--- TASK BRIEF ---
Below this line are records; transcribe exactly the lines between the one holding "Retiring Mats Sundin" and the one holding "Global Single Use", inclusive, and omit the pictures.

--- MATERIAL FOR THIS TASK ---
^^^^^^^^^^^^^^^^

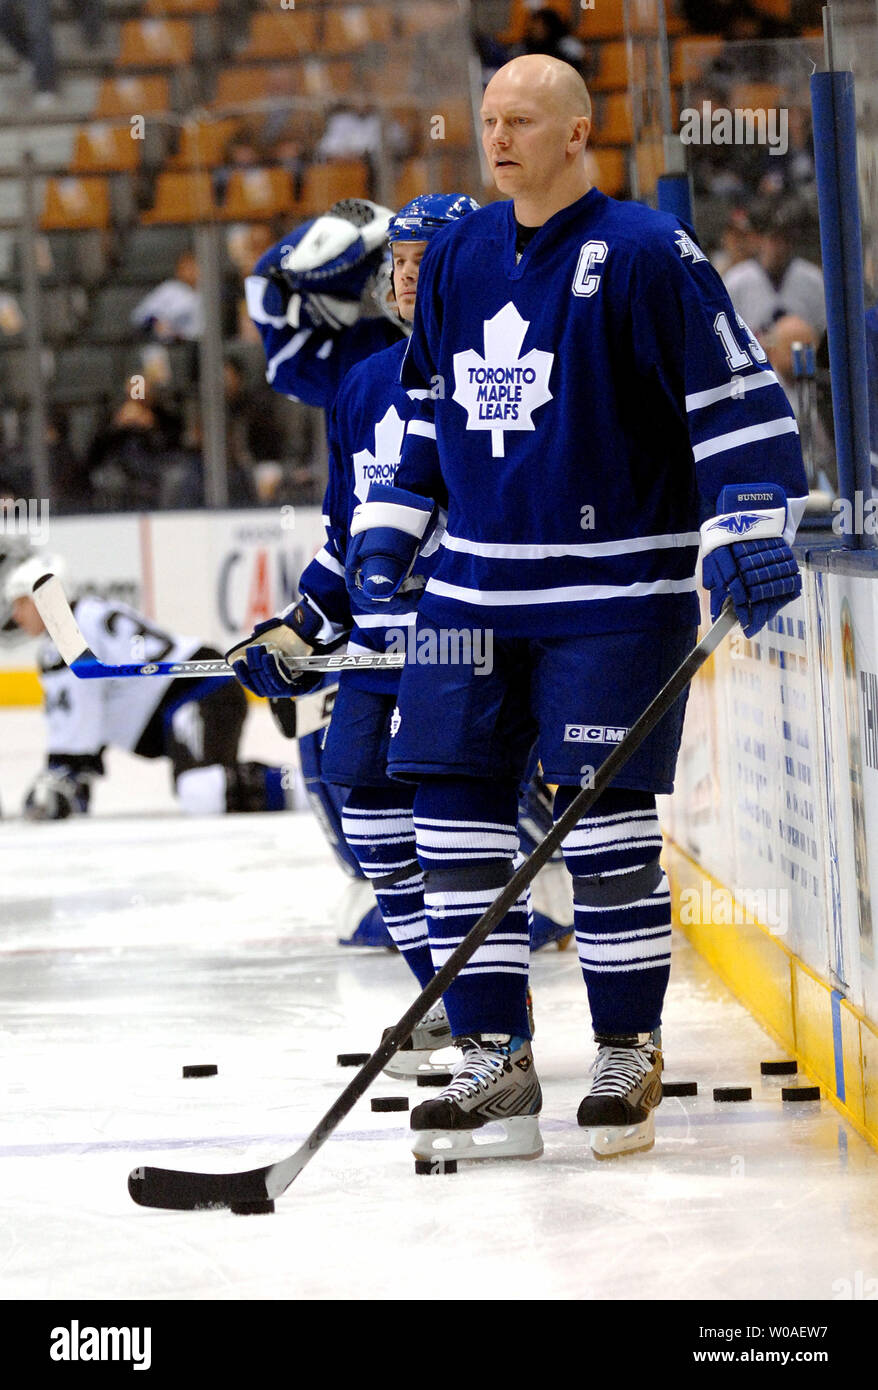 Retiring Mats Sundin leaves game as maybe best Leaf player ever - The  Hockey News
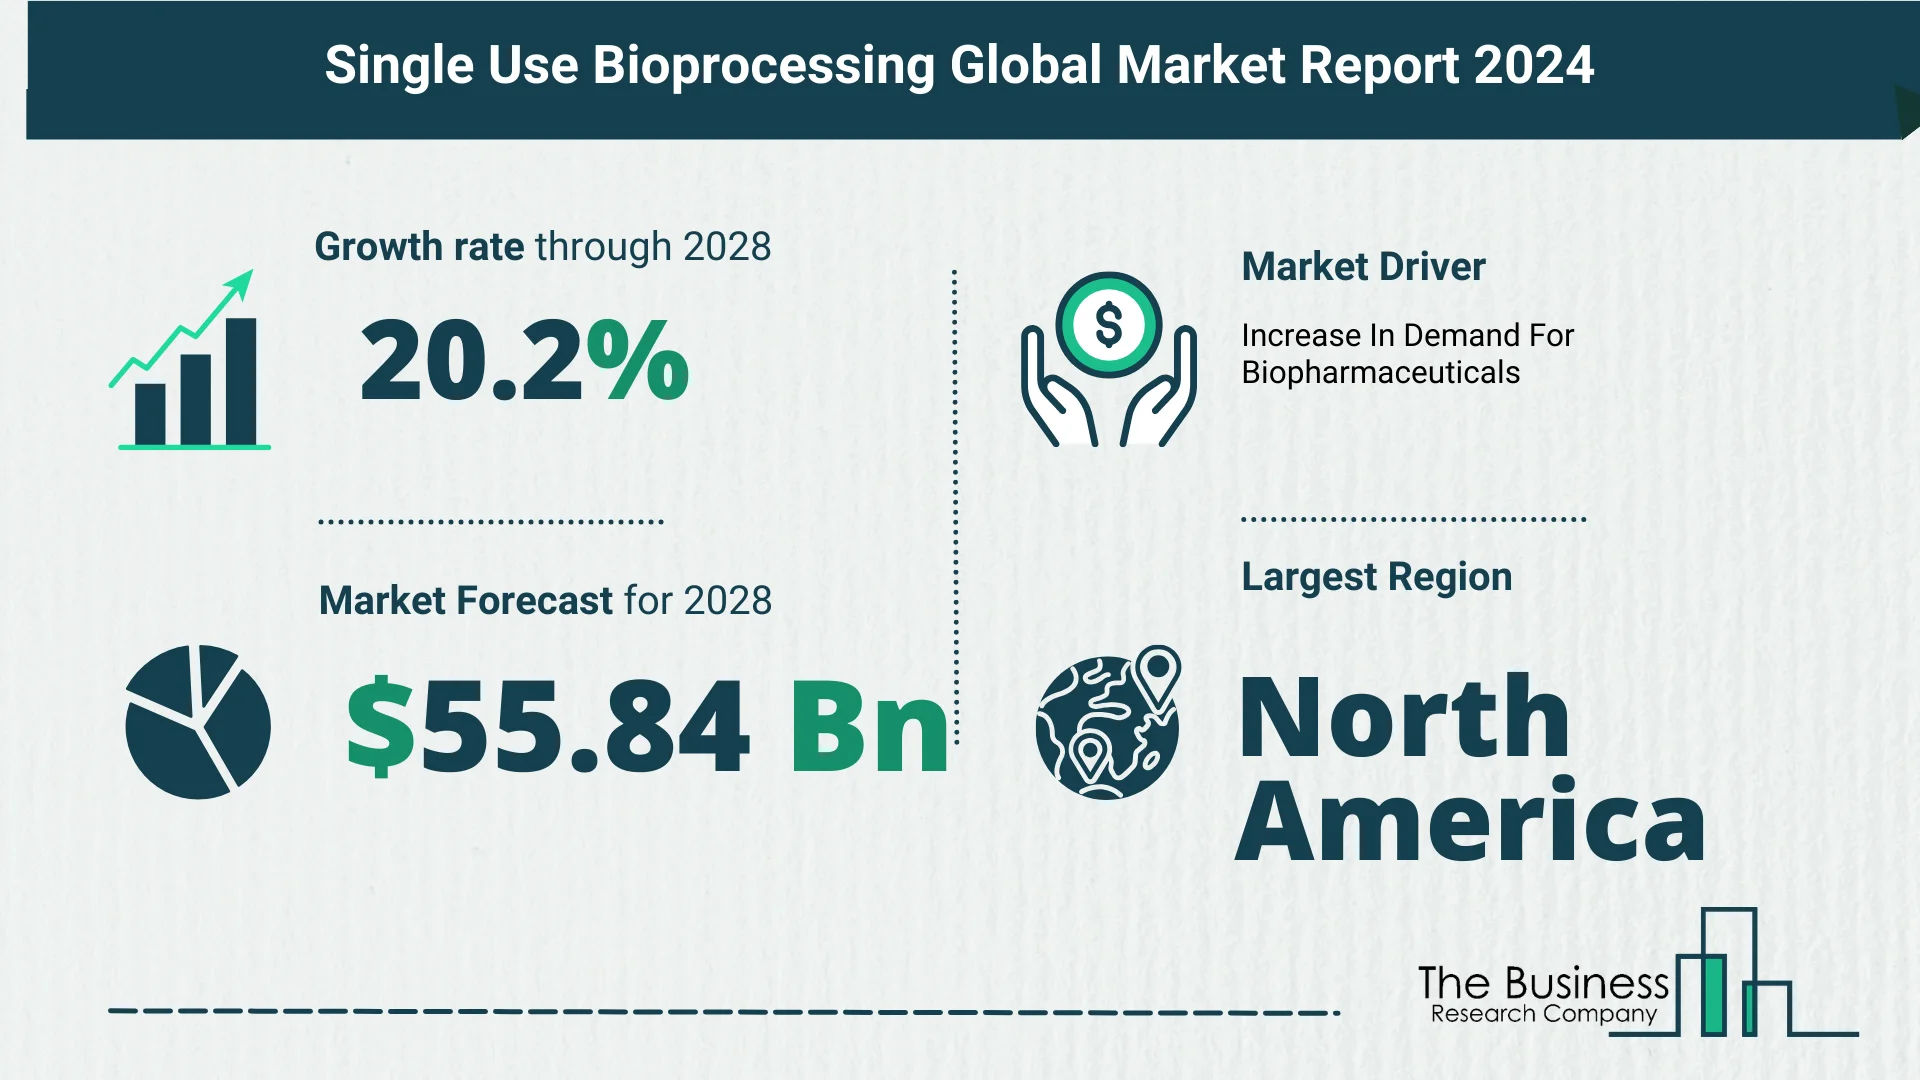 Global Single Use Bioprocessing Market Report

^^^^^^^^^^^^^^^^

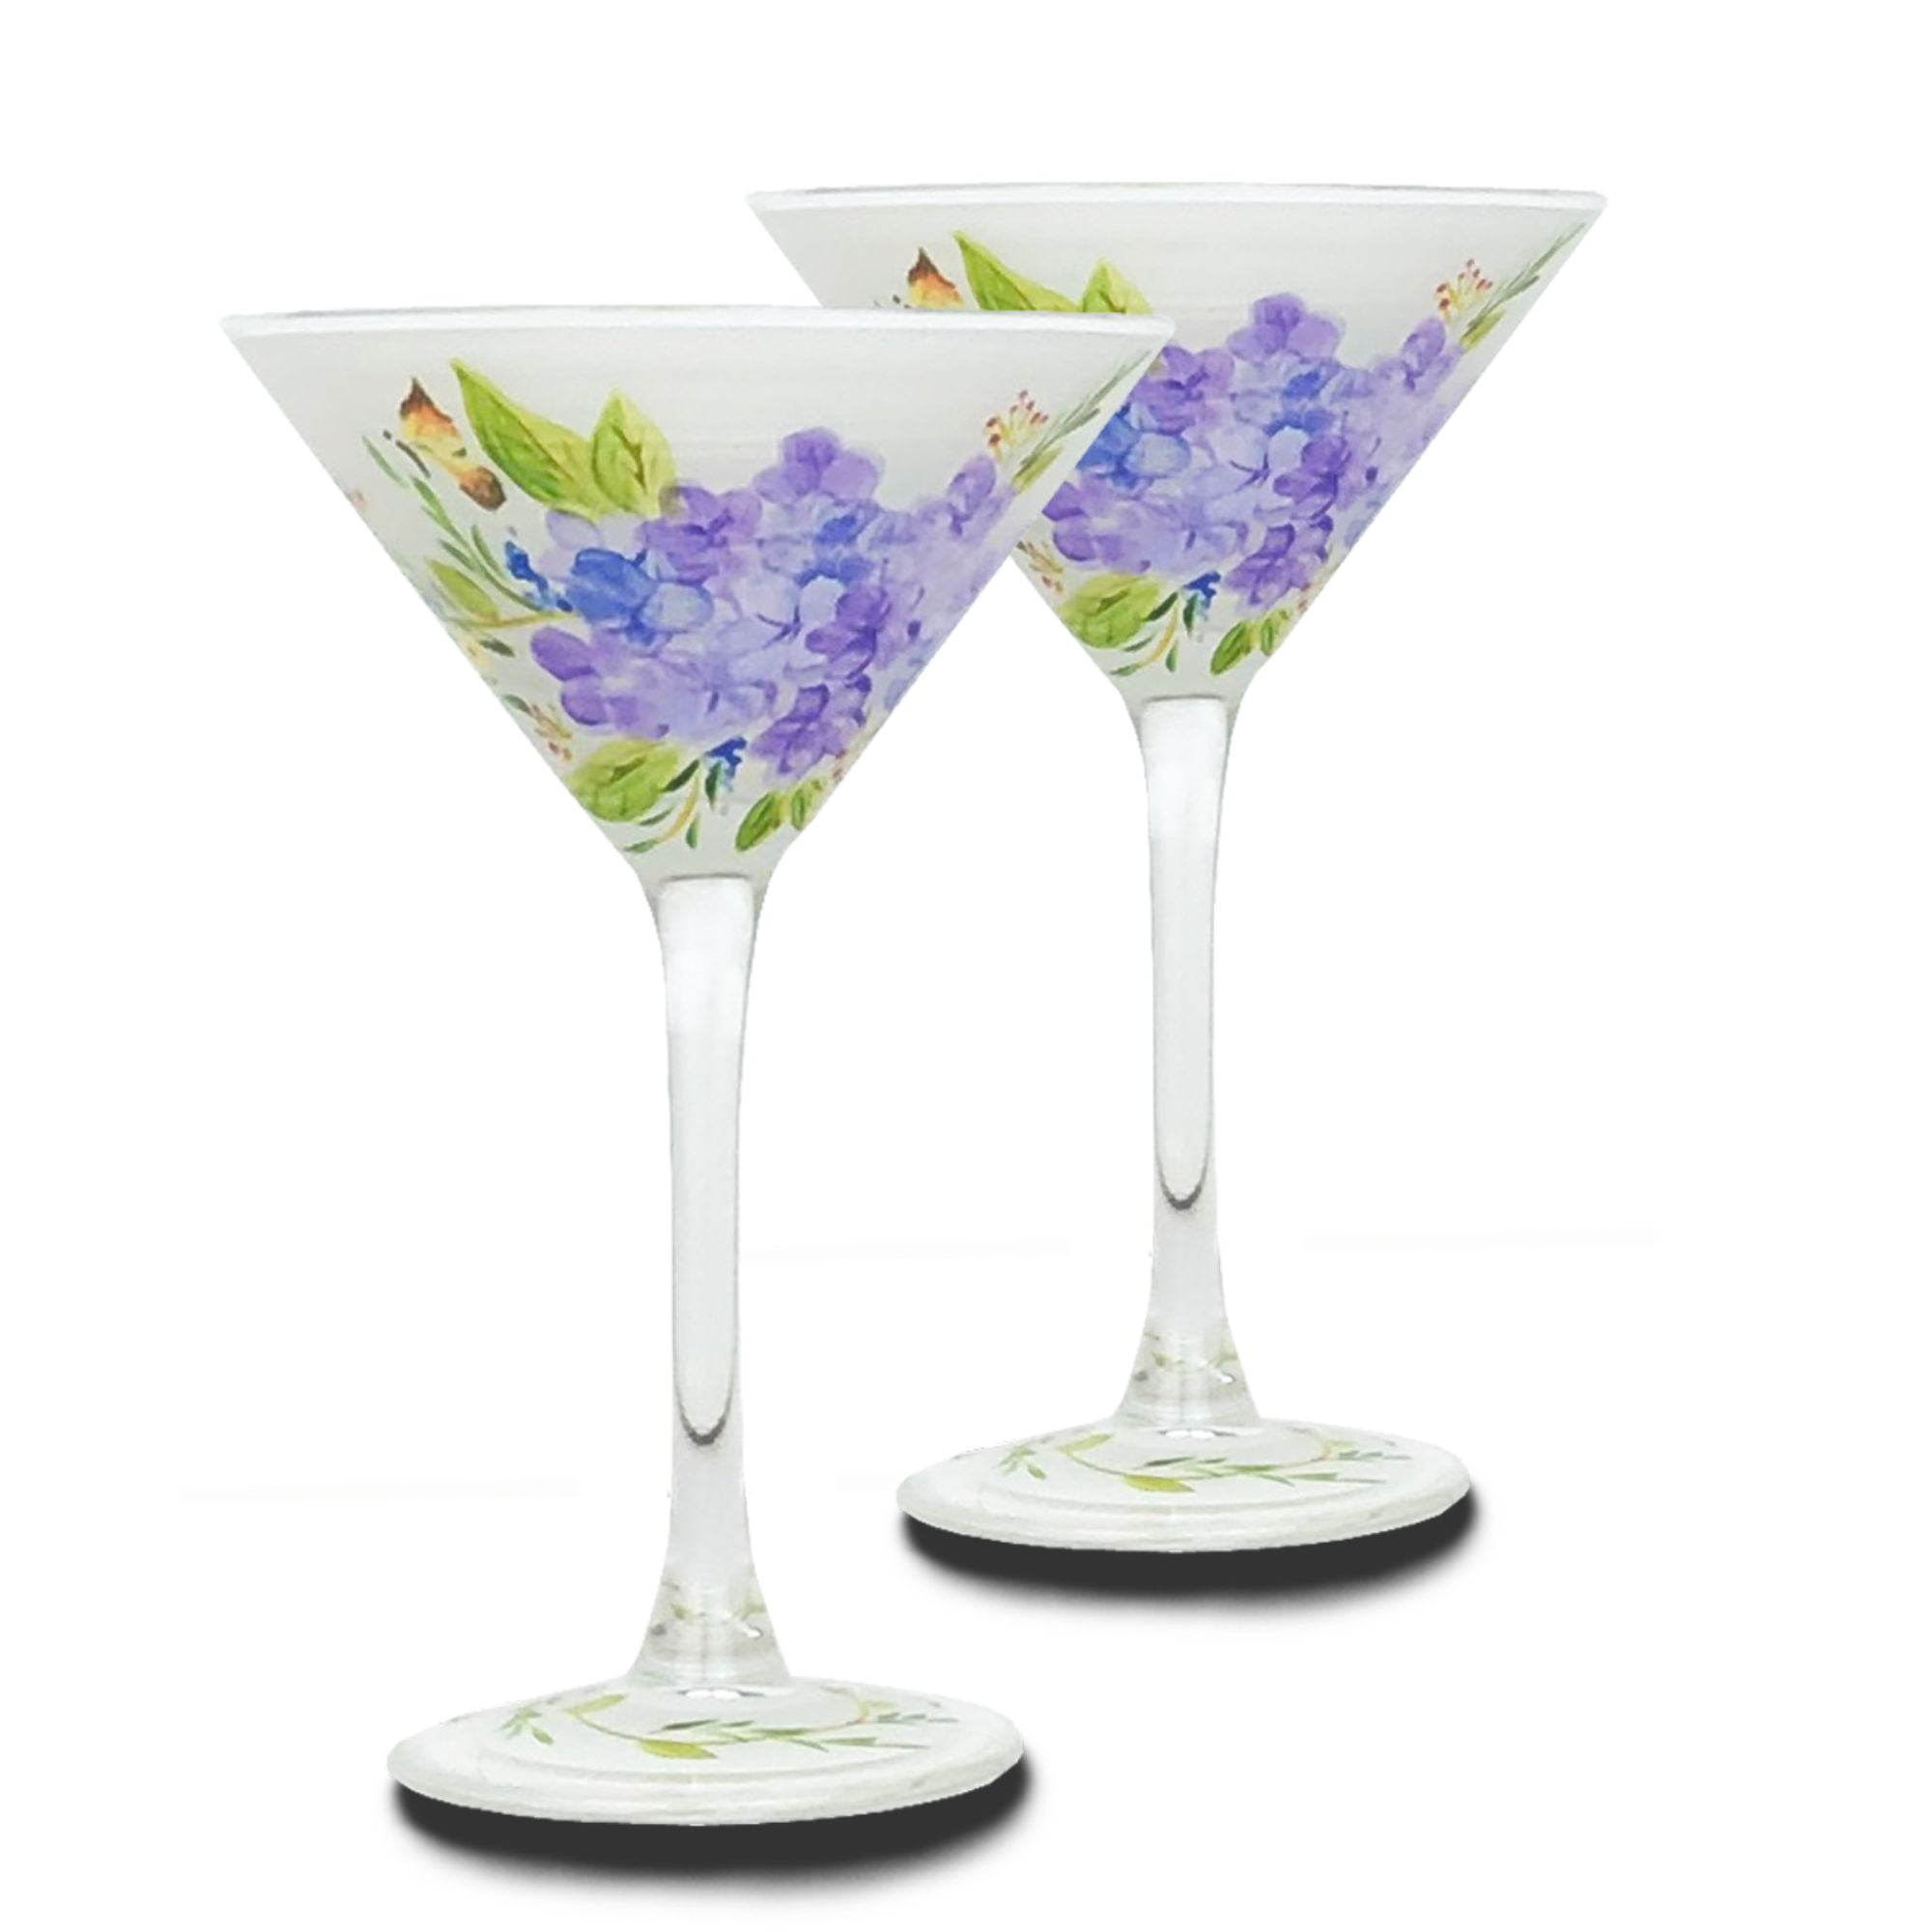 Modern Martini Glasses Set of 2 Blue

^^^^^^^^^^^^^^^^

--- PROBLEM SOLUTION ---
 Retiring Mats Sundin leaves game as maybe best Leaf player ever - The  Hockey News
 Global Single Use Bioprocessing Market Report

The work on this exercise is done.